Let us pray this prayer from Bangladesh:
O Savior Christ, we pray for quiet courage to
meet this hour. We did not choose to be born or
to live in such an age. But let its problems challenge us,
its discoveries exhilarate us, its injustices anger us,
its possibilities inspire us, and its vigor renew us,
for your Kingdom’s sake. Bless this cup and this bread,
That it may nourish us for the journey
Together in hope. Amen.
(Bangladesh. A Procession of Prayers: Meditations and Prayers from around the World,comp. John Carden, WCC, and Cassell, London, UK, 1998, p.179.)
The table of bread and wine is now to be made ready. It is the table of company of Jesus, and all who love him. It is the table of sharing with the poor of the world, with whom Jesus identified himself. It is the table of communion with the earth, in which Christ became incarnate. So come to this table, you who have much faith and you who would like to have more; you who have been here often and you who have not been for a long time; you who have tried to follow Jesus, and you who have failed; come. It is Christ who invites us to meet him here.

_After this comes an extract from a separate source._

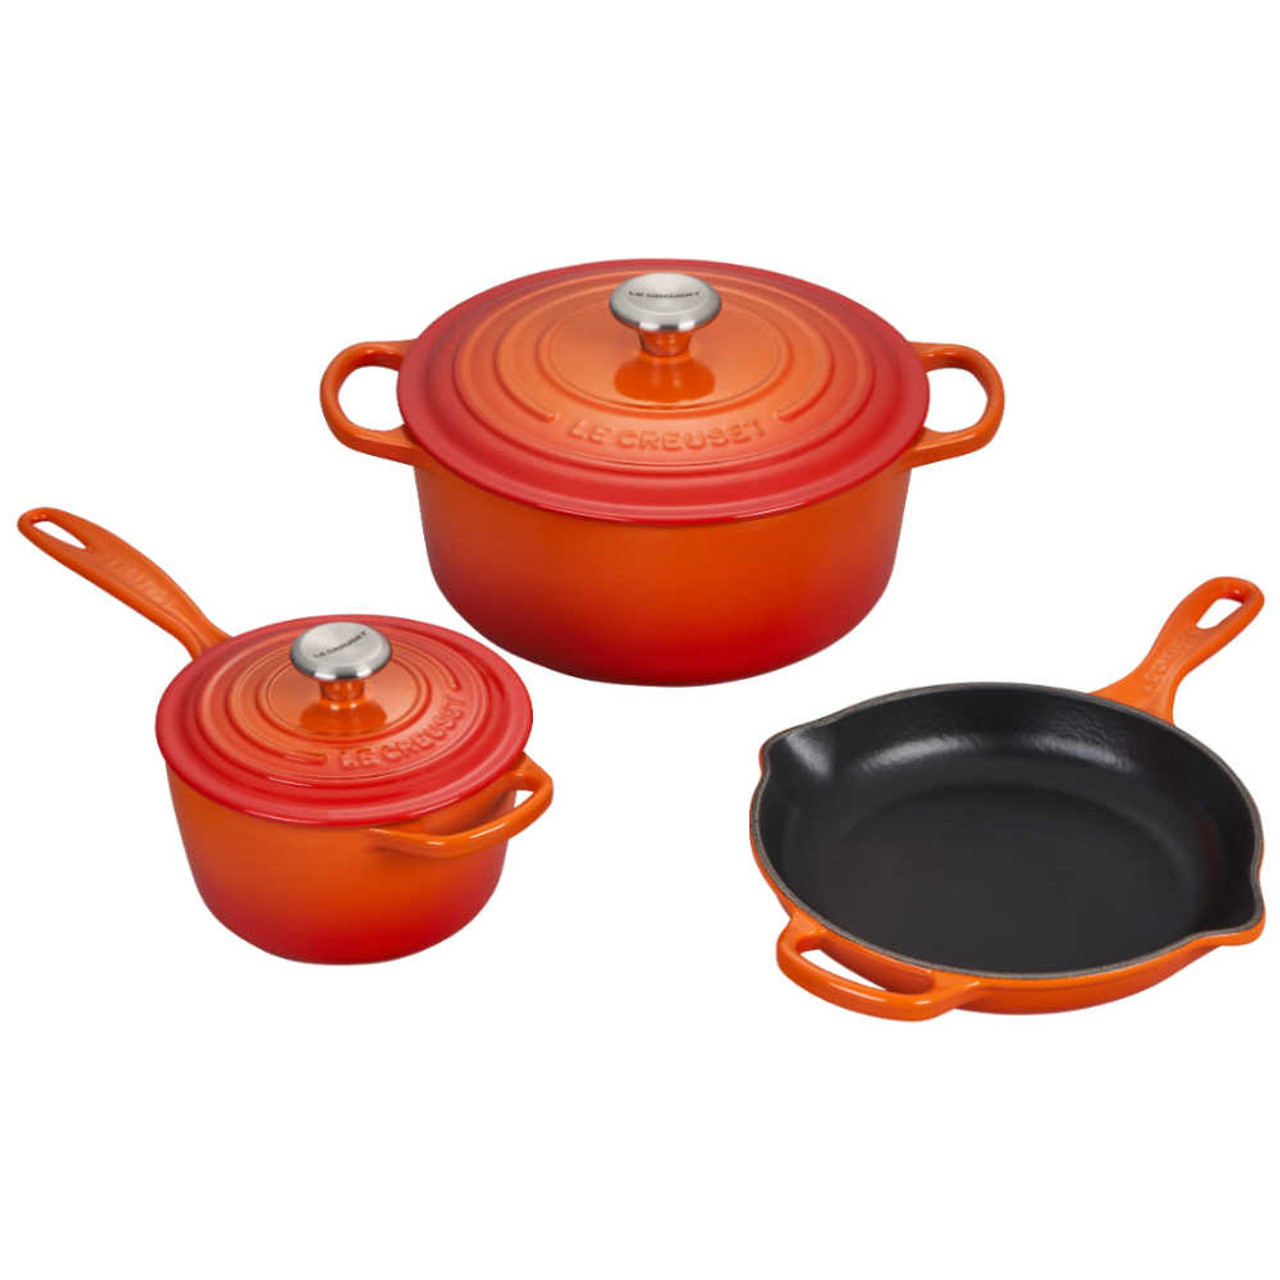 https://cdn11.bigcommerce.com/s-hccytny0od/images/stencil/1280x1280/products/2315/14346/le-creuset-5pc-cookware-set-flame__12397.1614364045.jpg?c=2?imbypass=on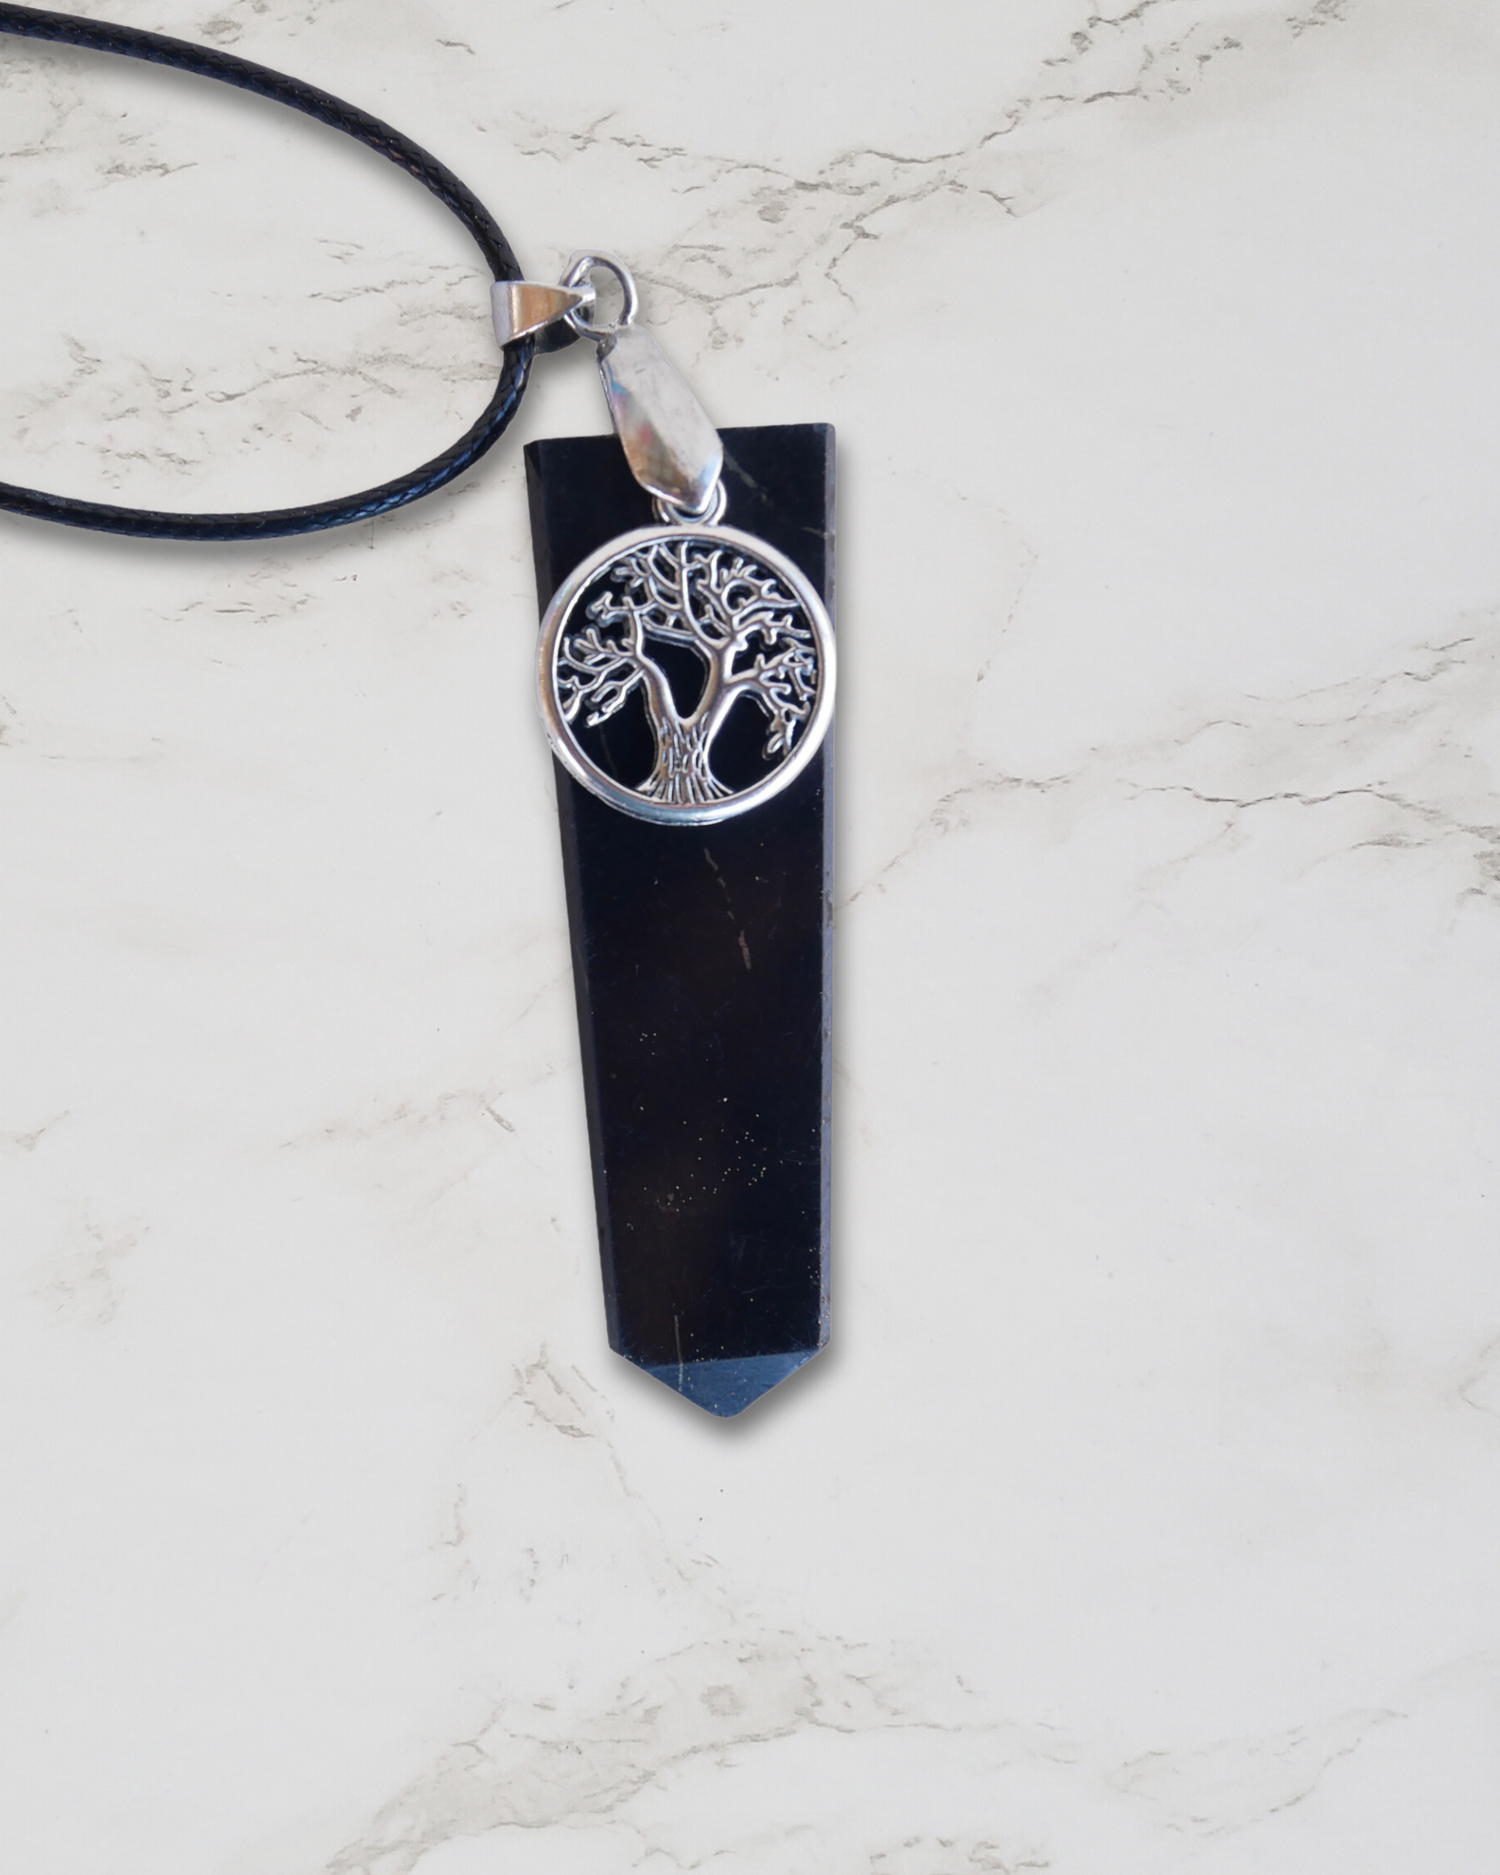 Frequency Jewelry Natural Pain Relief and Protection from 5G and EMFs Shungite Pendant Necklace with Tree of Life Charm

—An Invitation, Iona Abbey
Meditation, October 4, 2020
That all may be one – World Communion Sunday
Rev. Paula Norbert
Today, we celebrate what is known as World Communion Sunday, a special observation that began in 1936 with the Presbyterian Church and then had spread out over many Christian denominations around the world. I’ve been thinking a lot about the divisions that exist around the world and in our nation. It’s a very, very challenging time and I’d like us to pray this day for unity. When we think about the word Communion, the important thing to emphasize is unity, a unity that we so desperately need. Whenever we share Communion together, we are reminded of Jesus’ Last Supper that he shared with his friends before he was betrayed and then put to death. It’s interesting to consider Jesus’ words, whenever you do this, do it in memory of me. Jesus was asking that we remember him whenever we break bread together, that we remember his life in the simple act of sharing a meal together, a meal to which all are welcome. We call that table fellowship. Again and again, Jesus was a rule breaker within his own tradition. People were always more important than rules; welcoming others was always at the center of his ministry. He reached out to the poor and forsaken, the widow who had no resources, the sick and the struggling, the ones on the margins. Do this in memory of me, he reminds us down throughout history. Open up your tables, welcome others, listen to those with whom you may disagree. This is all really hard work, isn’t it? How many of us feel sick about how divided things have become, saddened to hear the voices of our black and brown sisters and brothers who have been telling us how they feel they have been treated, how left out they feel from the laws that govern our towns and cities? What then must we do?
I think that it is not a coincidence that our Union Church has a history of welcoming folks from various traditions and from no tradition. I’m sure that in part, it was for practical reasons in the early days, but that sense of welcome and inclusion of others is a hallmark of who we have become; it is a legacy that I’m sure we all want to pass along because it is very special. In John’s Gospel, Jesus shared a special prayer for his disciples, (John 17:21). As he neared the end of his time on earth, knowing what he was to face, he prayed “that all may be one.” It’s a prayer we may hear echoing across the centuries, a prayer resounding throughout the world, that all may be One. And so, today, we share that prayer together in the hope that people may feel welcome, that Jesus’ message of inclusion may inspire each of us to be bridge builders, to be people who are open to reconciliation, that we may be workers for justice and peace so that all may be One. As open as our table is, we need to remember, this table we share is only one small leaf of a table that extends far beyond our community- across traditions, across borders, across oceans. I’d like to invite us to break into small groups now and to share your thoughts, your memories of Communion, both in the sacred sharing of bread and cup, but also in the call to unity which it offers to us this day in this moment. Amen.